Ему постелили у Чукреевых; и когда Башилов погасил свет — когда зажег, войдя, и погасил снова, — из четырех стен и из поселковской густой тишины возникла ставшая от времени чуть узкой спальня его детства. Он не спешил заснуть — лежал, улыбался. Он вспомнил, что он композитор. (А ведь, став пианистом, всегда бы чувствовал недостаток лет, отданных инструменту: сравнительно с другими он поздно начал.) Он улыбнулся!.. (Весь пестрый день посещения родного места пронесся перед ним кинолентой, в самом конце которой, раз уж она пронеслась перед глазами вся, вновь мелькнула старуха с тряской головой и с злобным выкриком. Была тишина, были стены. Глухо забормотав, как бывает перед самым засыпанием, Башилов повернулся на другой бок и негромко ответил. Он ответил вроде бы старухе и вроде бы не старухе, а кому-то еще, третьему и стороннему, кто мог бы их рассудить:
— Не вытягивал я соки...
Засыпая, он слышал через открытое окно редкие летние ночные звуки, а также цикад, которых помнил с детства.
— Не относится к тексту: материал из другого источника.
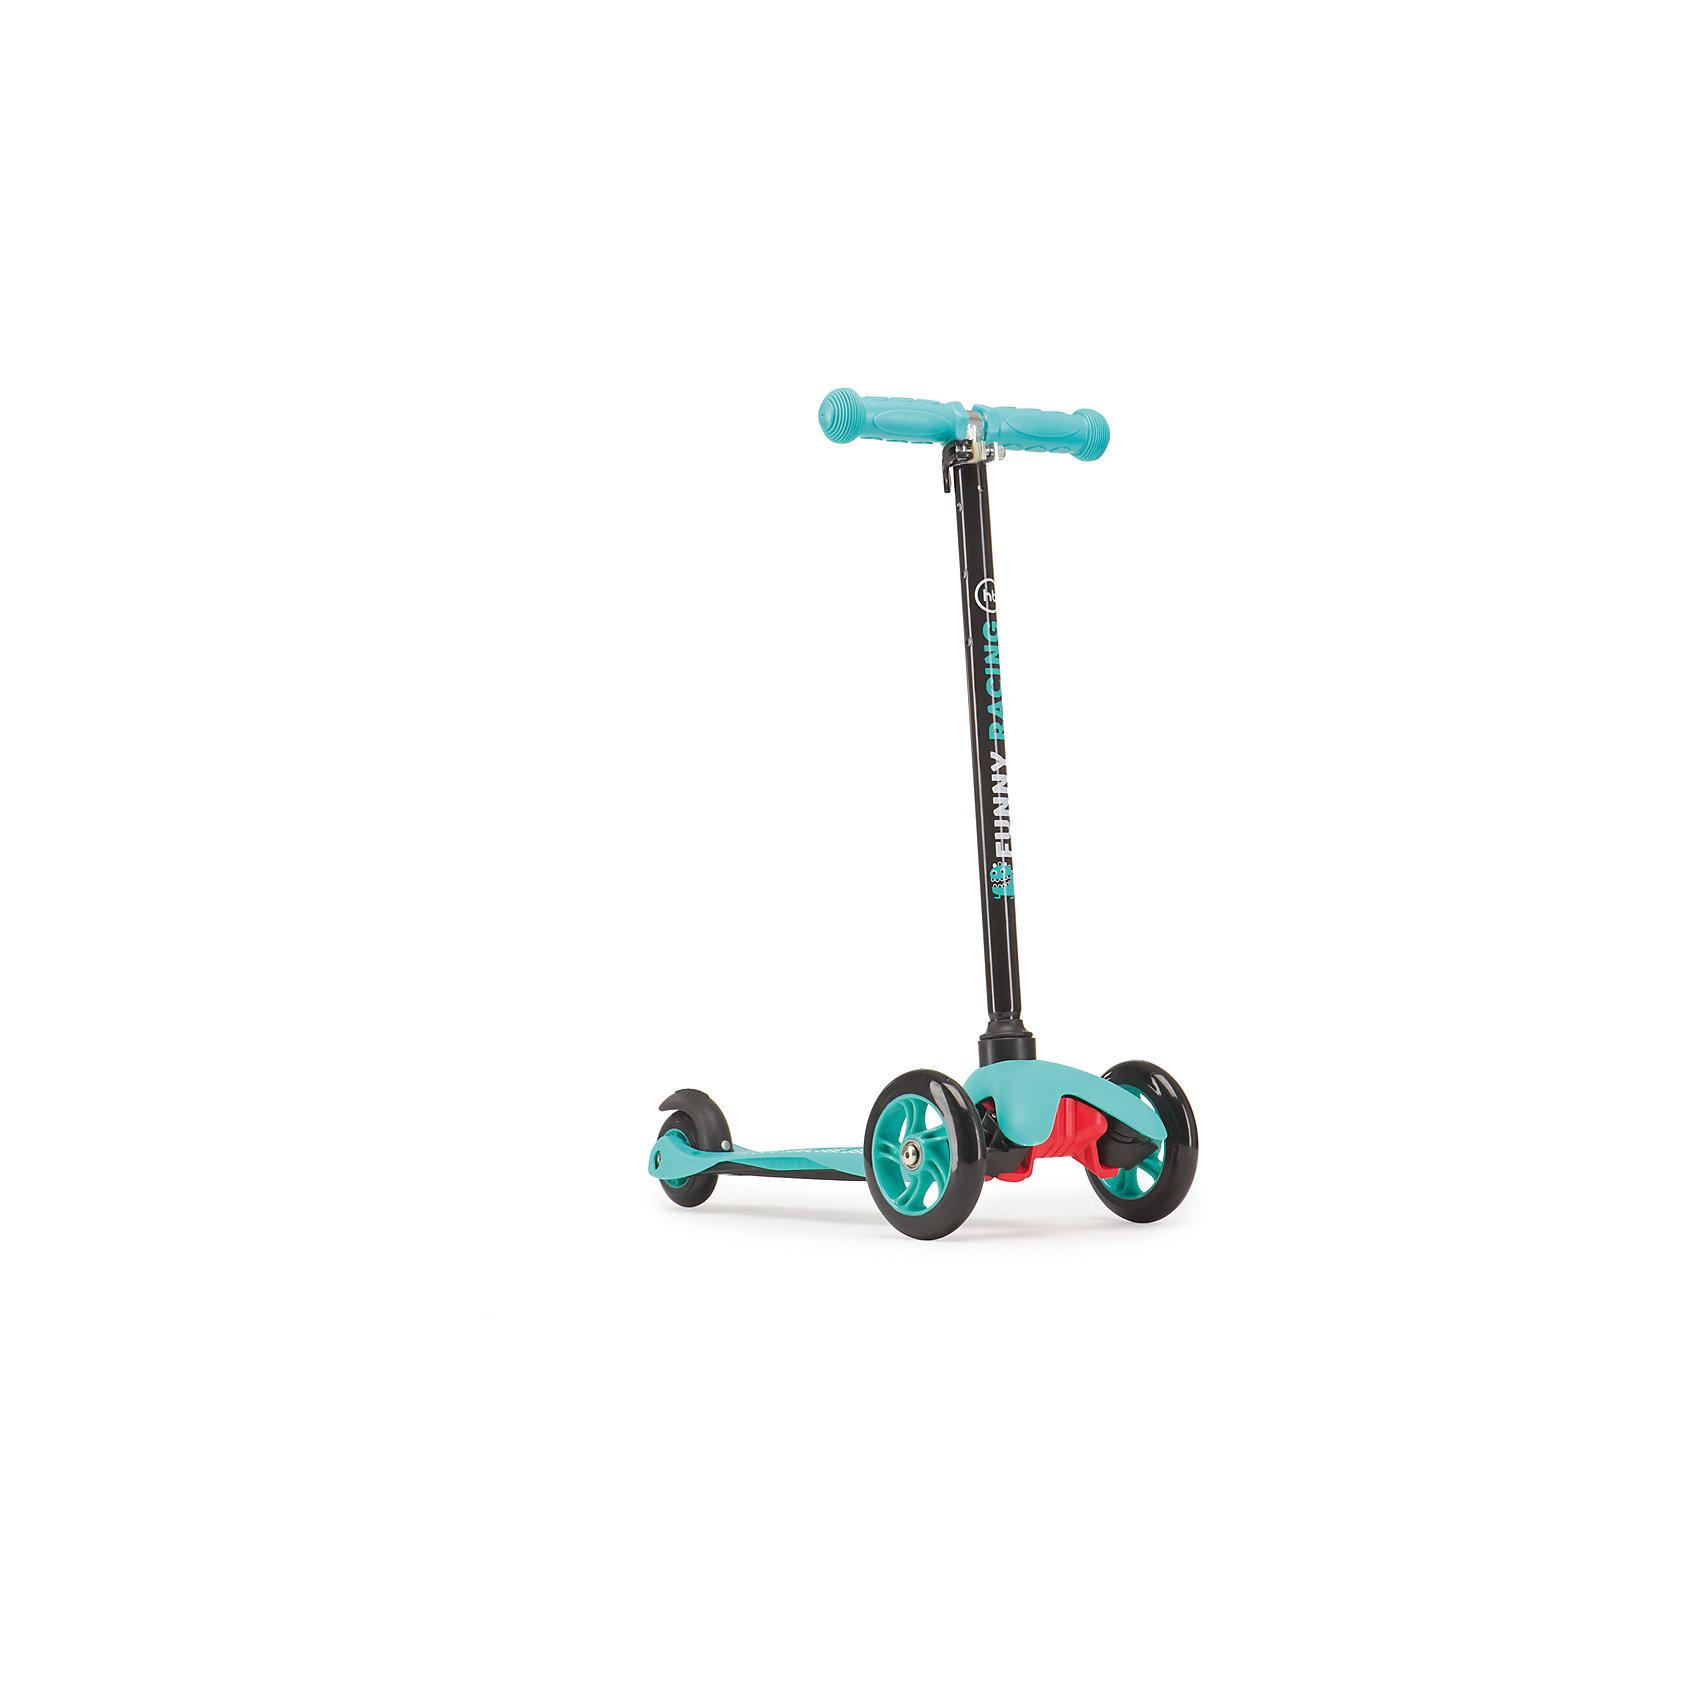 Самокат Happy Baby Tornado, голубойСамокаты<br>Характеристики товара:<br><br>• возраст от 3 лет<br>• максимальная нагрузка до 40 кг<br>• материал: пластик, алюминий<br>• материал колес ПВХ<br>• цвет: голубой<br>• диаметр передних колес 120 мм, заднего колеса 80 мм<br>• высота руля 67-77 см<br>• ножной тормоз на заднем колесе<br>• вес самоката 1,9 кг<br>• размер упаковки 59х27х14,5 см<br>• вес упаковки 2,2 кг<br>• страна производитель: Китай<br><br>Самокат «TORNADO», голубой, Happy Baby сделает детскую прогулку на свежем воздухе активной и увлекательной. Спереди расположены 2 колеса, что делает самокат устойчивым. Колеса небольшого диаметра хорошо разгоняются и набирают скорость. Колеса подойдут для езды по городским улочкам или на специальных площадках. Высота руля регулируется под рост ребенка. Ножной тормоз на колесе отвечает за безопасное катание и быстрое торможение перед препятствием. Накладки на руле препятствуют соскальзыванию ладоней во время езды.<br><br>Самокат изготовлен из прочного алюминия. Пластиковая рифленая дека не позволяет ножкам скользить по поверхности. Катаясь на самокате, ребенок учится держать равновесие, координировать свои движения. <br><br>Самокат «TORNADO», голубой, Happy Baby можно приобрести в нашем интернет магазине.<br><br>Ширина мм: 590<br>Глубина мм: 145<br>Высота мм: 270<br>Вес г: 2200<br>Возраст от месяцев: 36<br>Возраст до месяцев: 36<br>Пол: Мужской<br>Возраст: Детский<br>SKU: 5527340

Был за окном и фонарь, что помнился с малых лет, — фонарь светил не меняясь.
3
Генка Кошелев был певец слабый, там и тут подрабатывающий, но своей полупьяной судьбой, впрочем, гордящийся, как это у совсем слабых подчас бывает; он-то и сосал из поселка соки, в том смысле, что тянул и тянул со своих родителей, с Кошелевых, деньги. Он тянул из них, когда учился, а когда ученье закончилось, тянул по-прежнему, еще и поторапливал их в письмах. Он пил, что сильно увеличивало его запросы. Позже он понял, что пить вредно, однако же пил — и все с меньшей надеждой пробовал пробиться вокалом, ища удачи на эстрадных площадках города Пскова, куда его забросила судьба.